TASK REQUIREMENTS
An exact copy of the data is needed, but without any of its images.

COLLECTED DATA
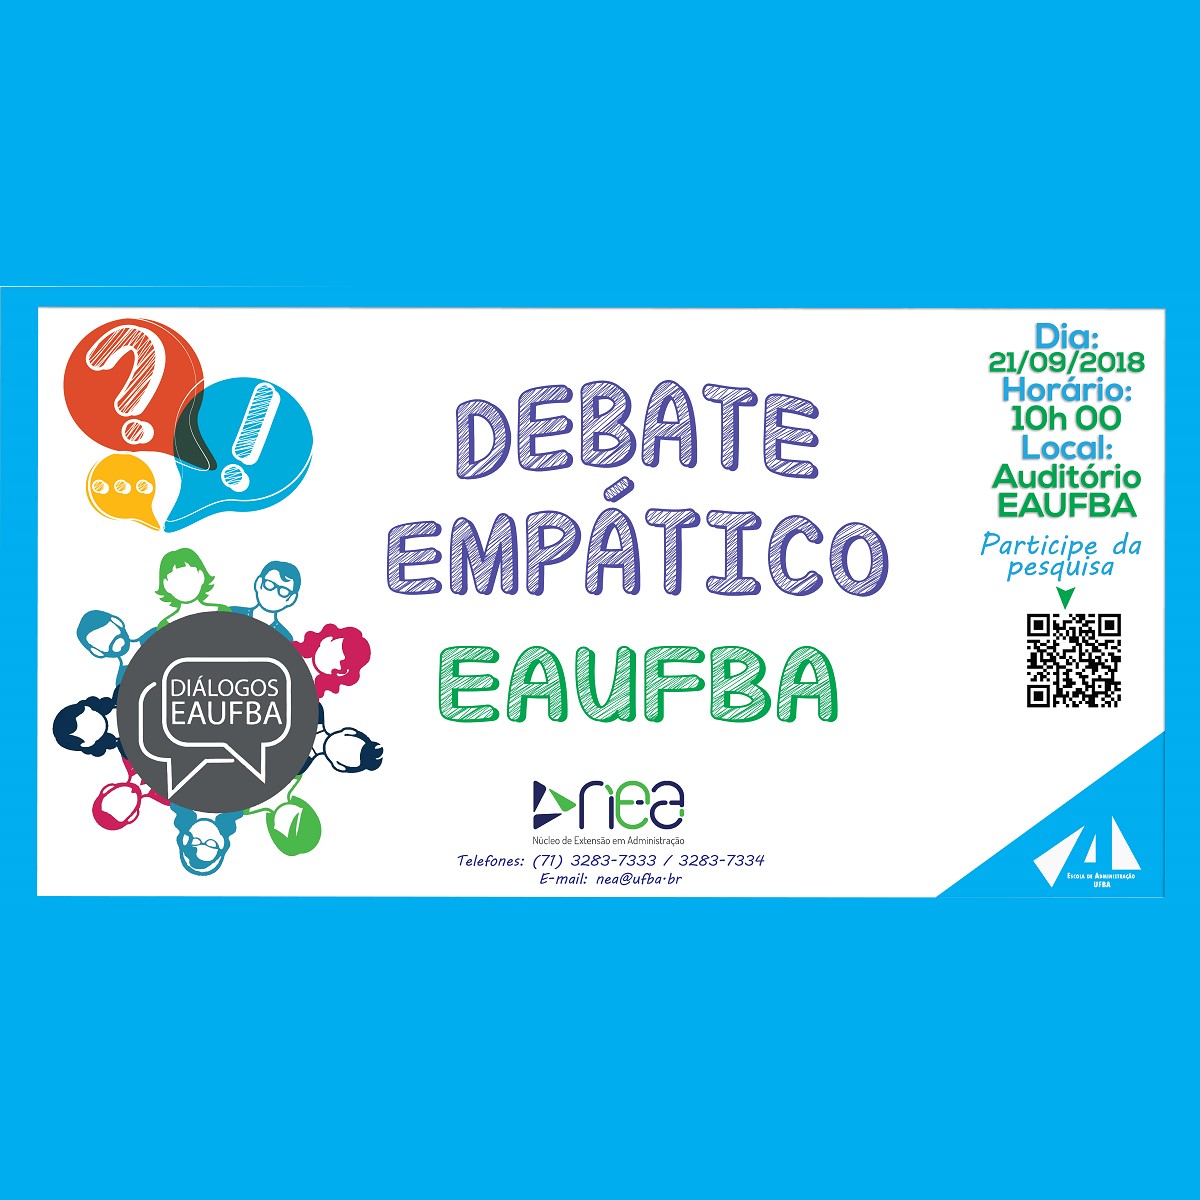 Diálogos EAUFBA promove “Debate Empático” para refletir sobre pontos de vista diferentes
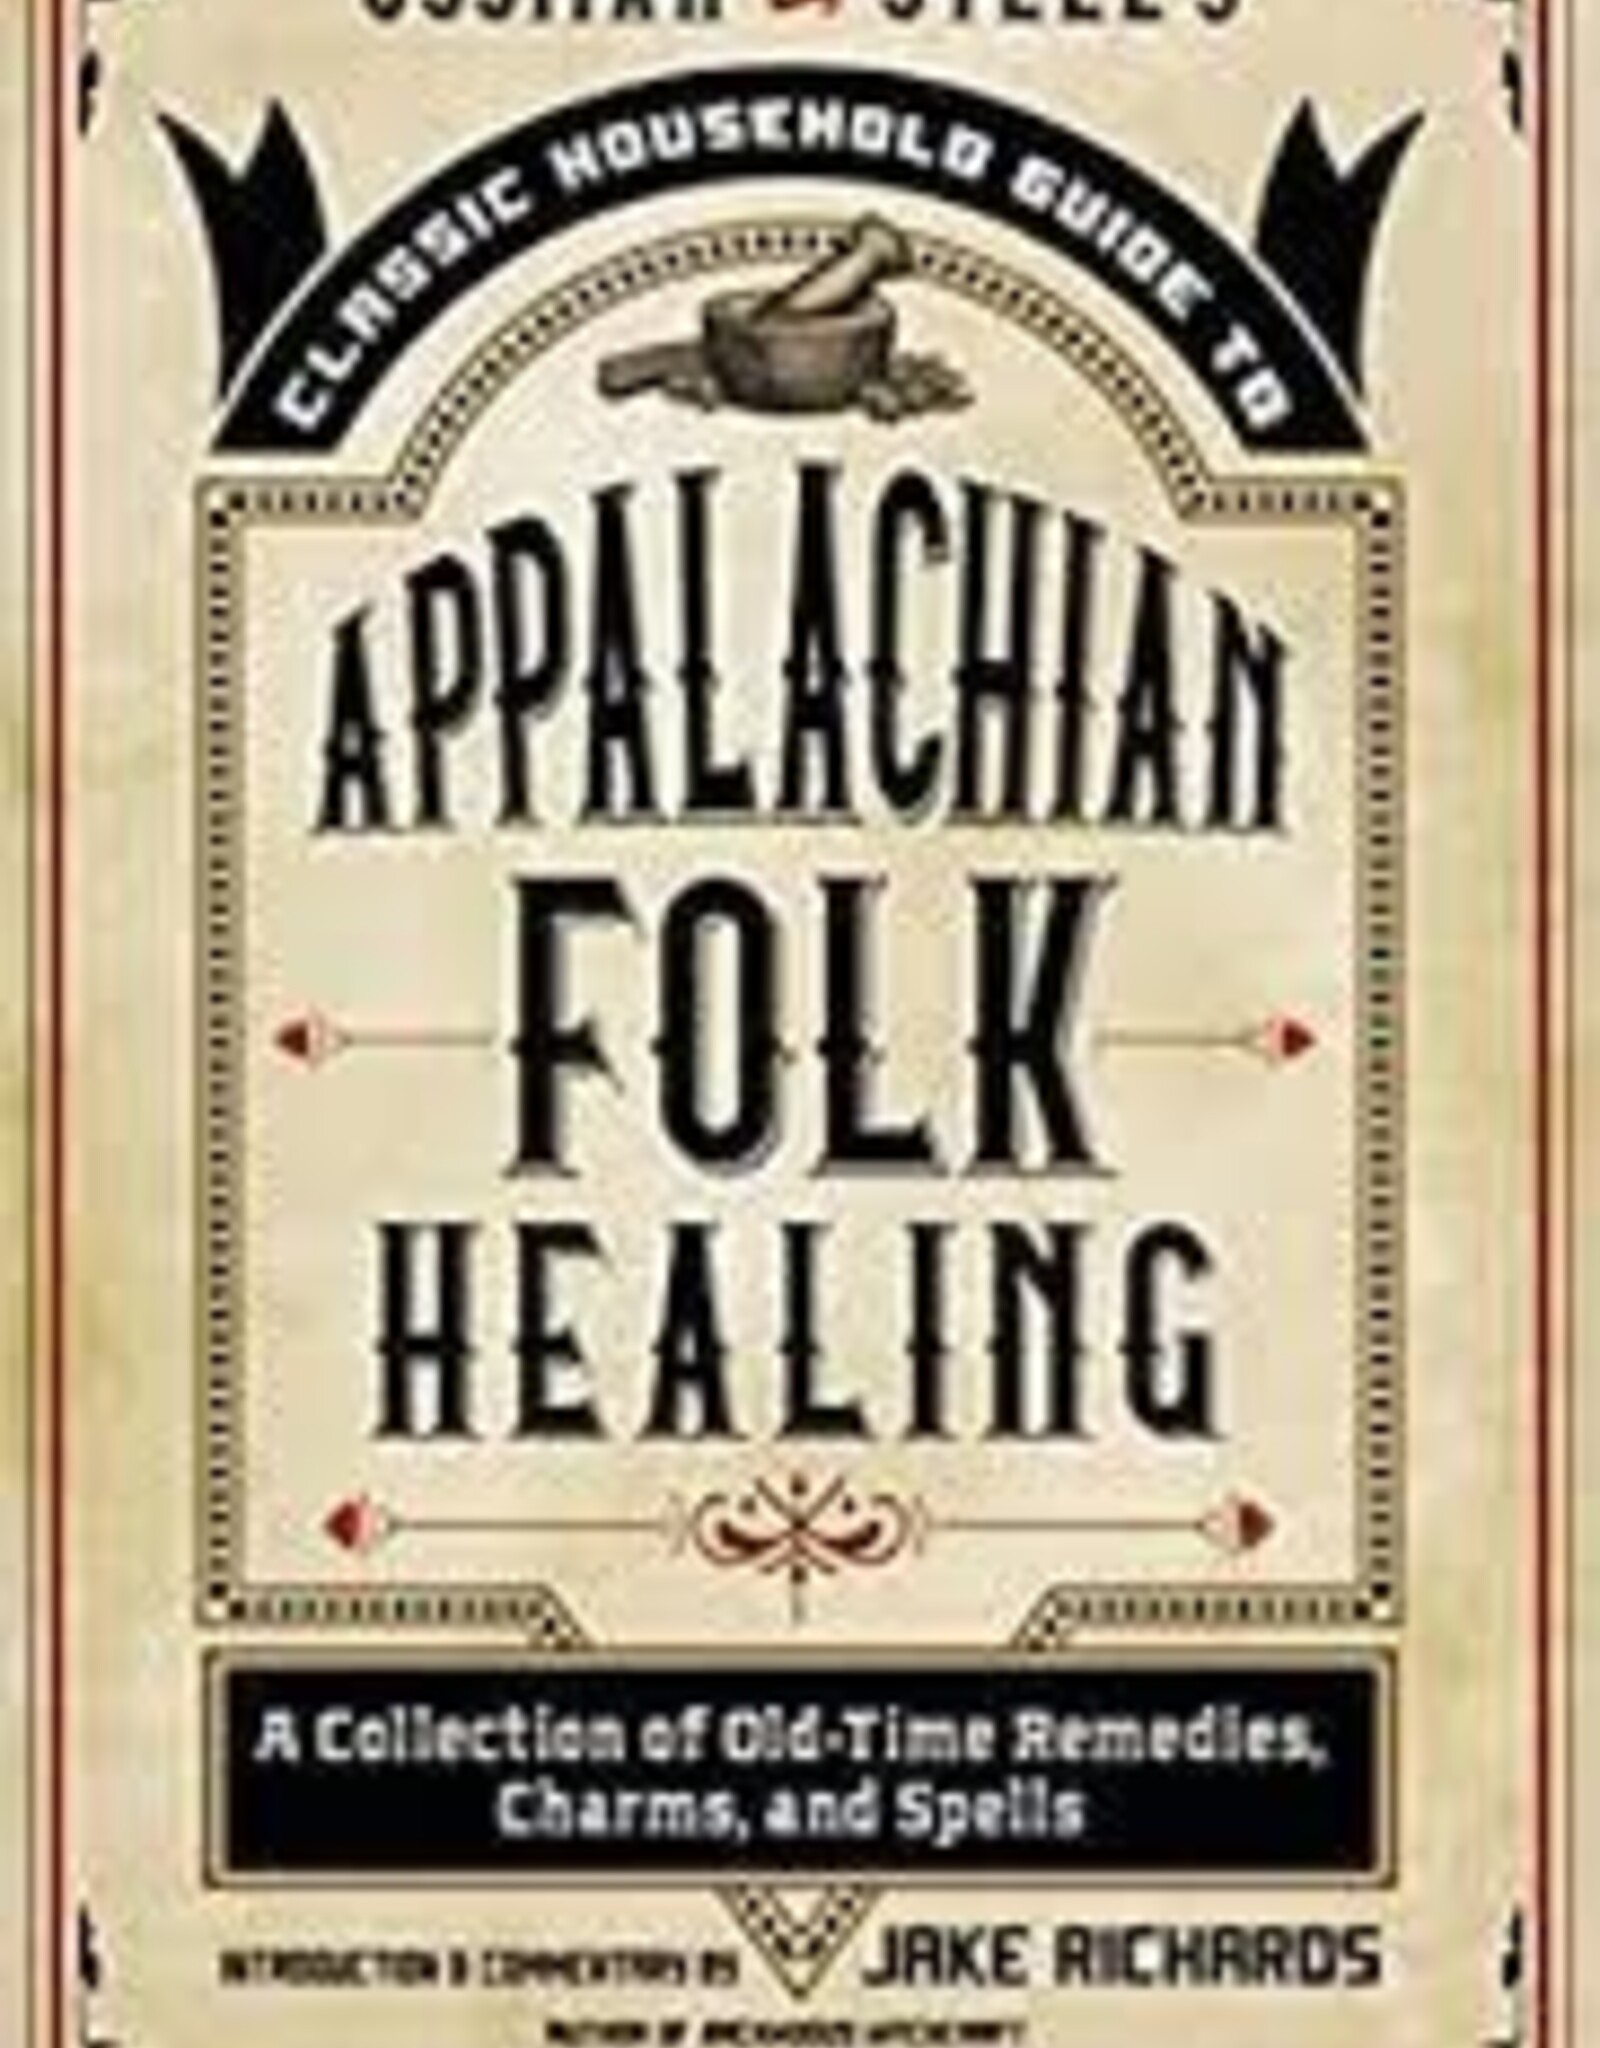 Appalachian Folk Healing
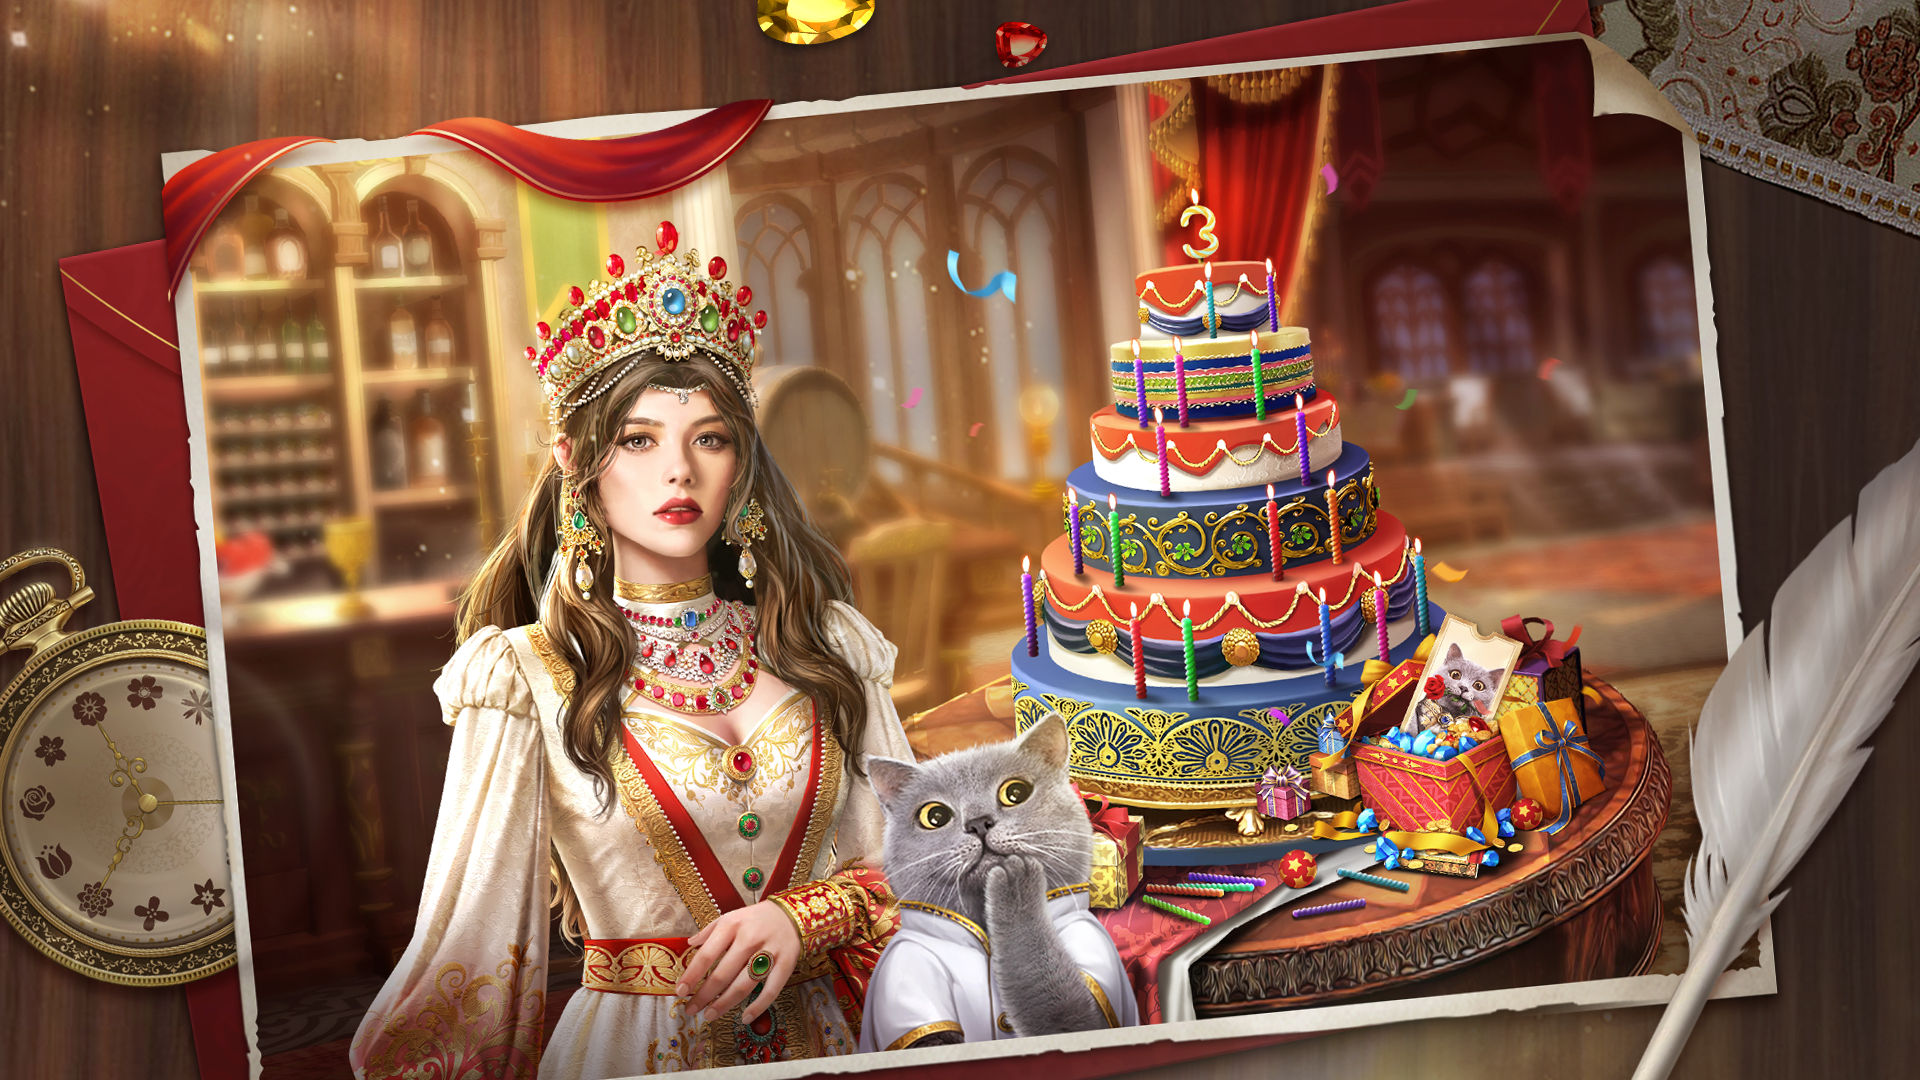 Game of Sultans – popular empire simulation game celebrates its third

SOLUTION BELOW
 Diálogos EAUFBA promove “Debate Empático” para refletir sobre pontos de vista diferentes
 Appalachian Folk Healing
 Game of Sultans – popular empire simulation game celebrates its third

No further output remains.